** Opening STUDY MATERIAL block **

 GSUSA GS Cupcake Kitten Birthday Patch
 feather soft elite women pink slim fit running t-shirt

** Closing STUDY MATERIAL block **
** Opening STUDY MATERIAL block **

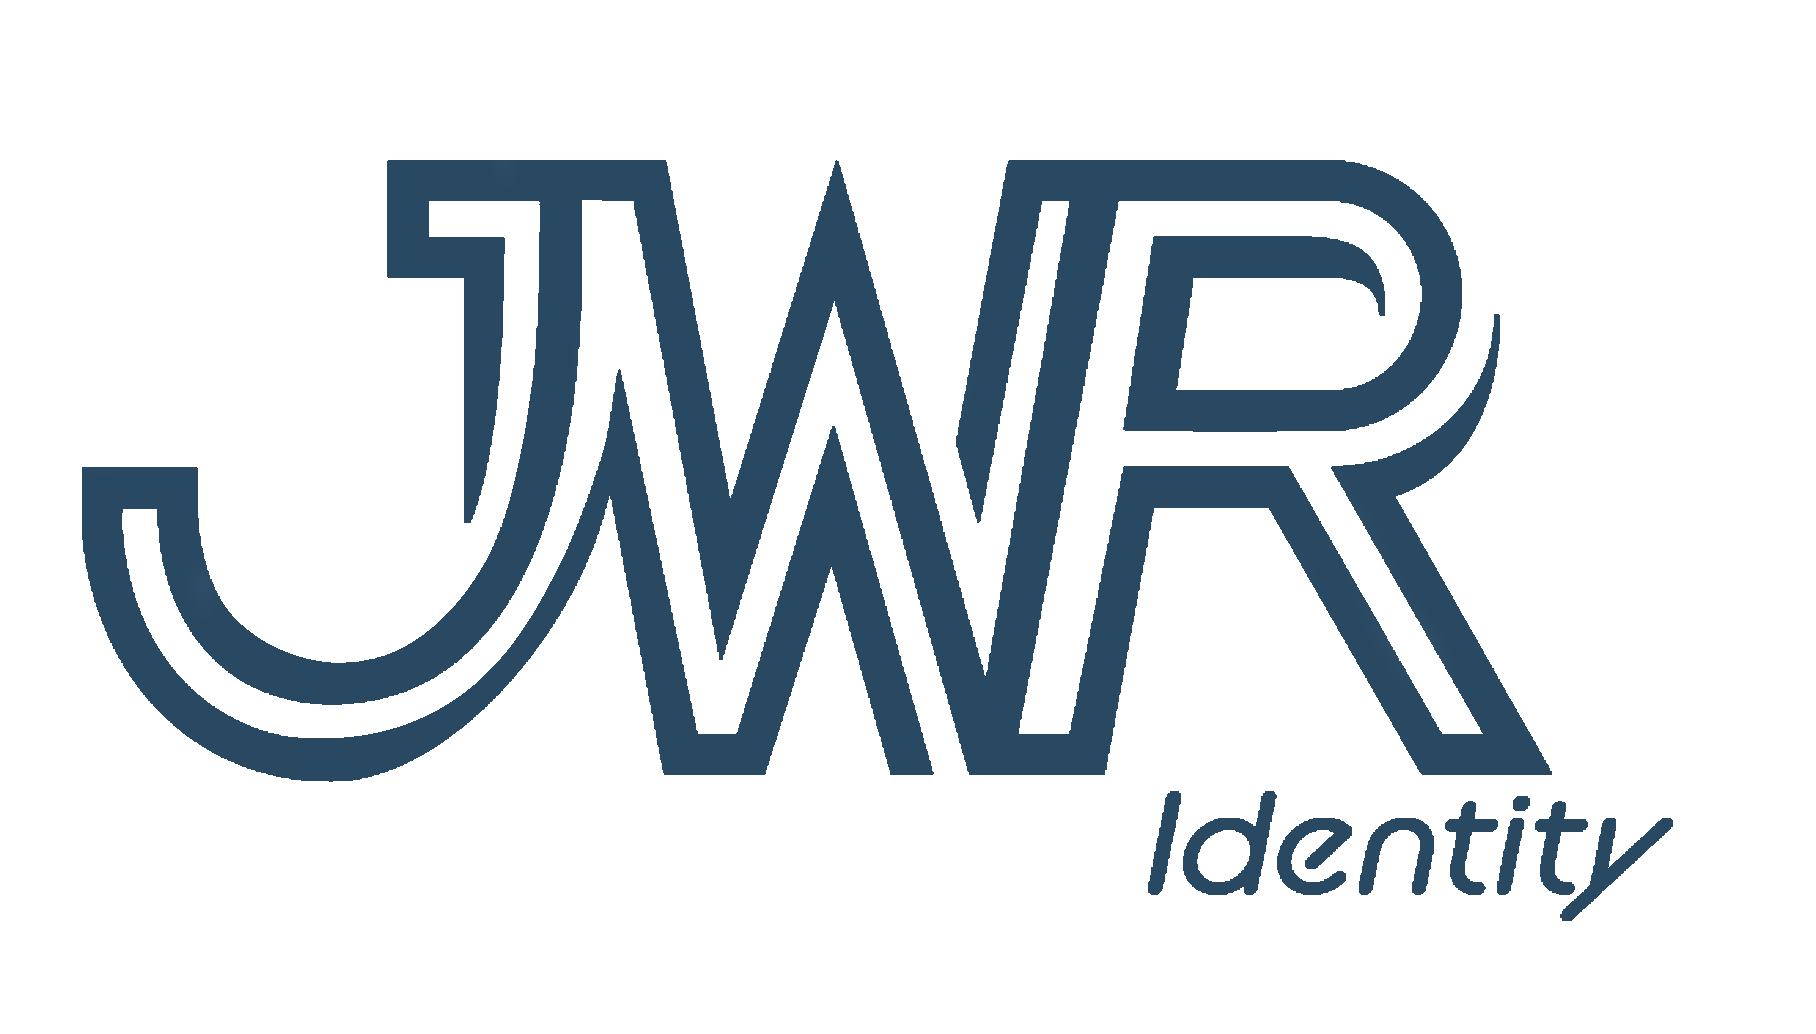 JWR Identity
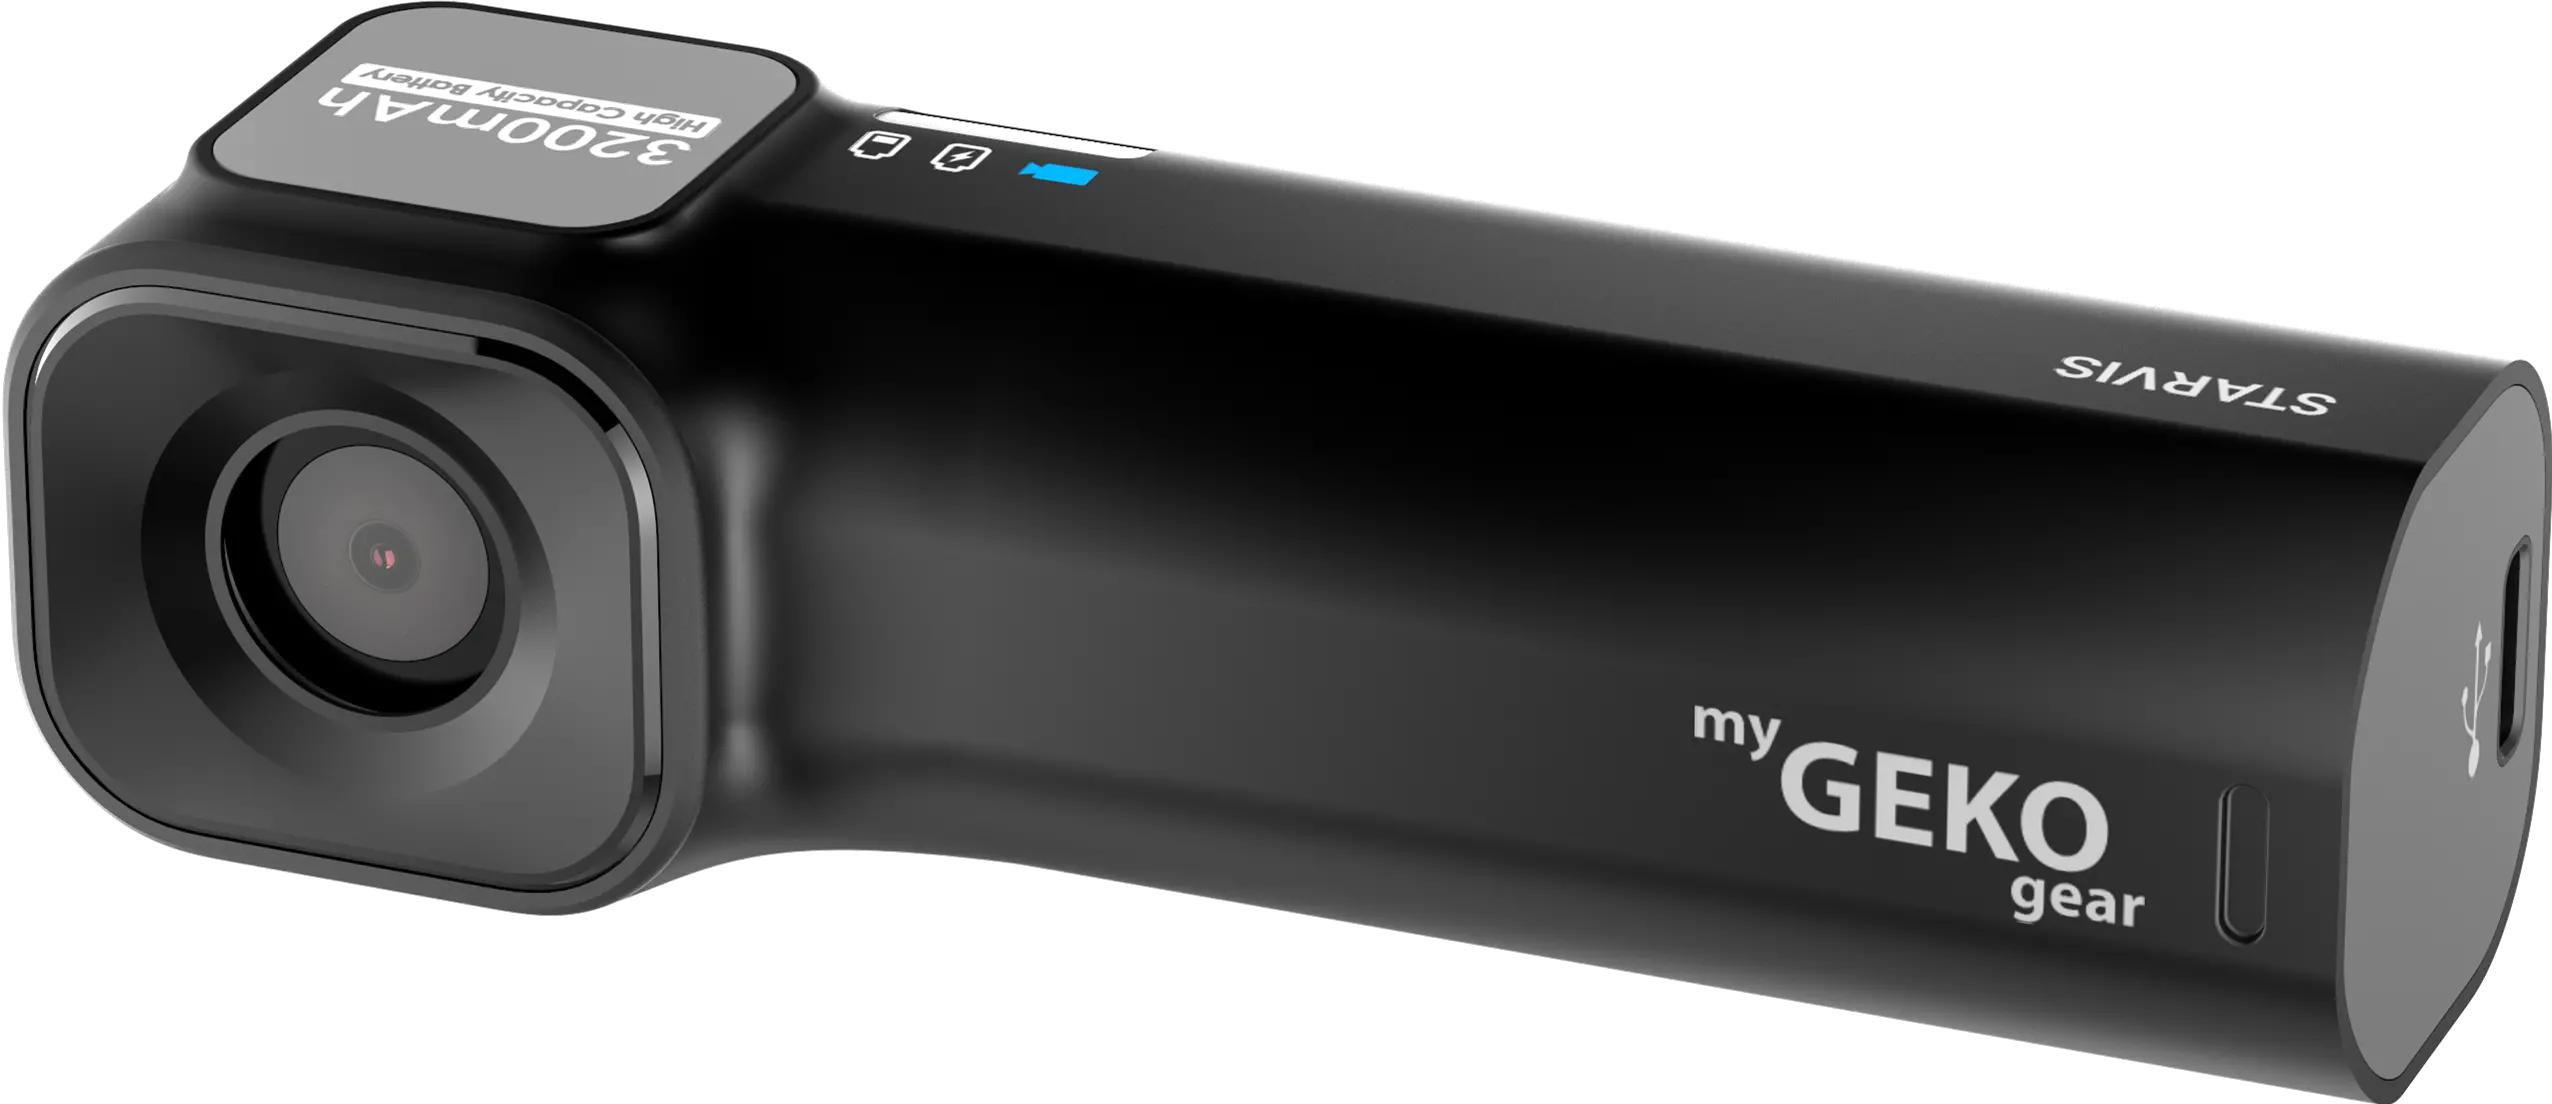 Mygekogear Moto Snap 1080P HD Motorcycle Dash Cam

** Closing STUDY MATERIAL block **
** Opening STUDY MATERIAL block **

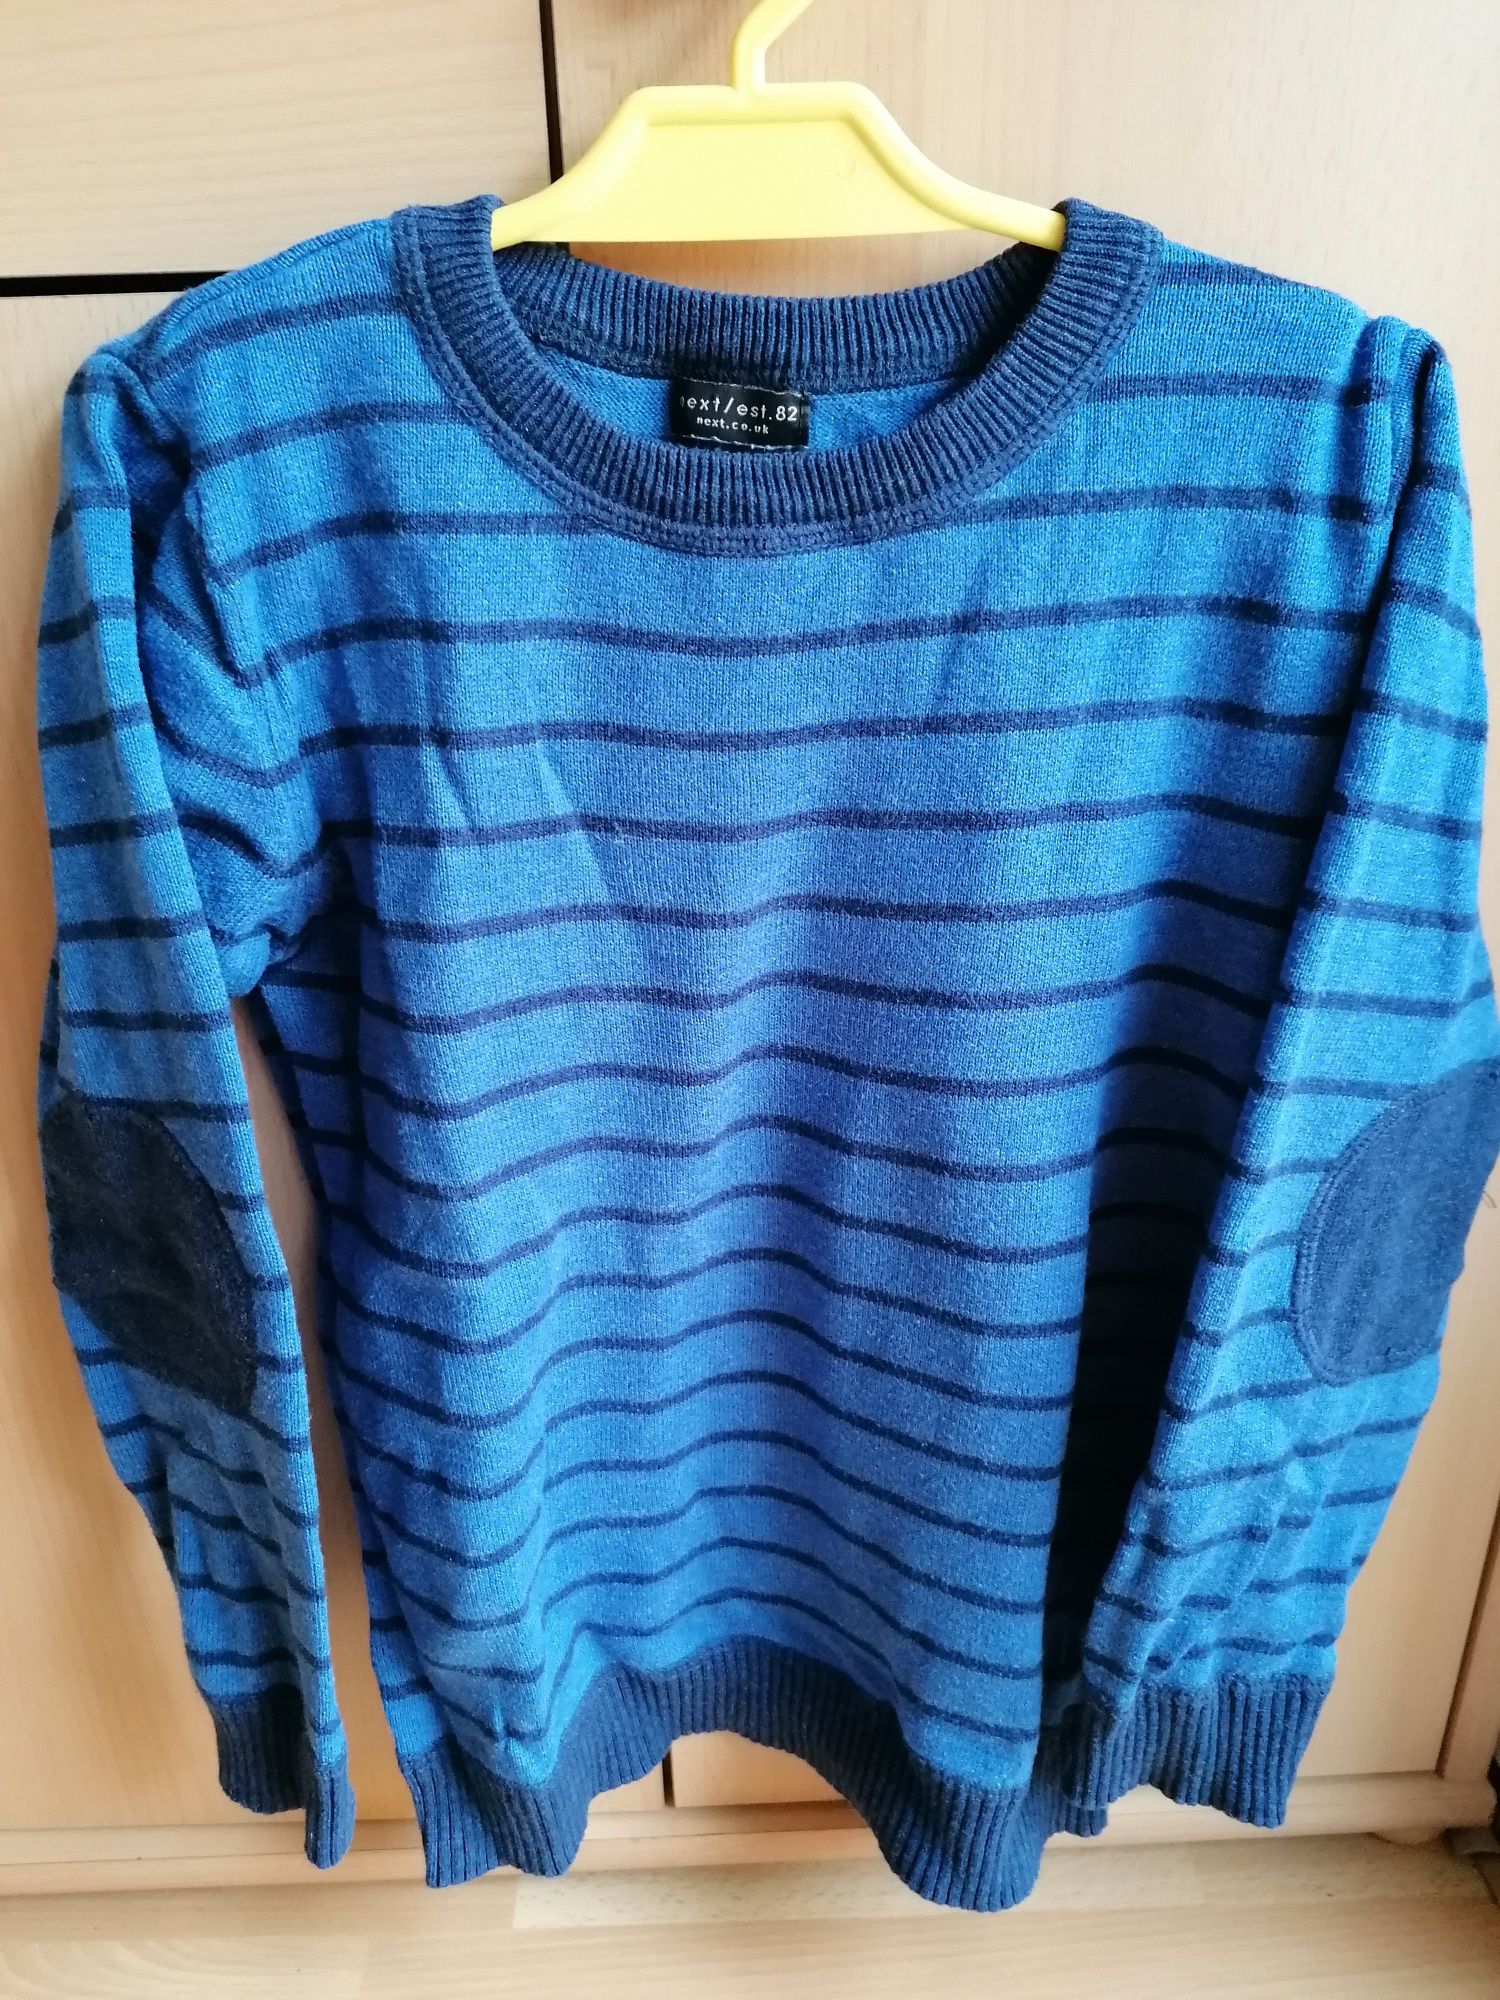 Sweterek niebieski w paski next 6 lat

** Closing STUDY MATERIAL block **

• **EXERCISE GOAL**
There is a run of lines above from the one with "GSUSA GS Cupcake Kitten Birthday Patch" to the one with "feather soft elite"; print exactly that run, both ends included, and nothing else.

• **SOLUTION FOR THIS PROBLEM**
 GSUSA GS Cupcake Kitten Birthday Patch
 feather soft elite women pink slim fit running t-shirt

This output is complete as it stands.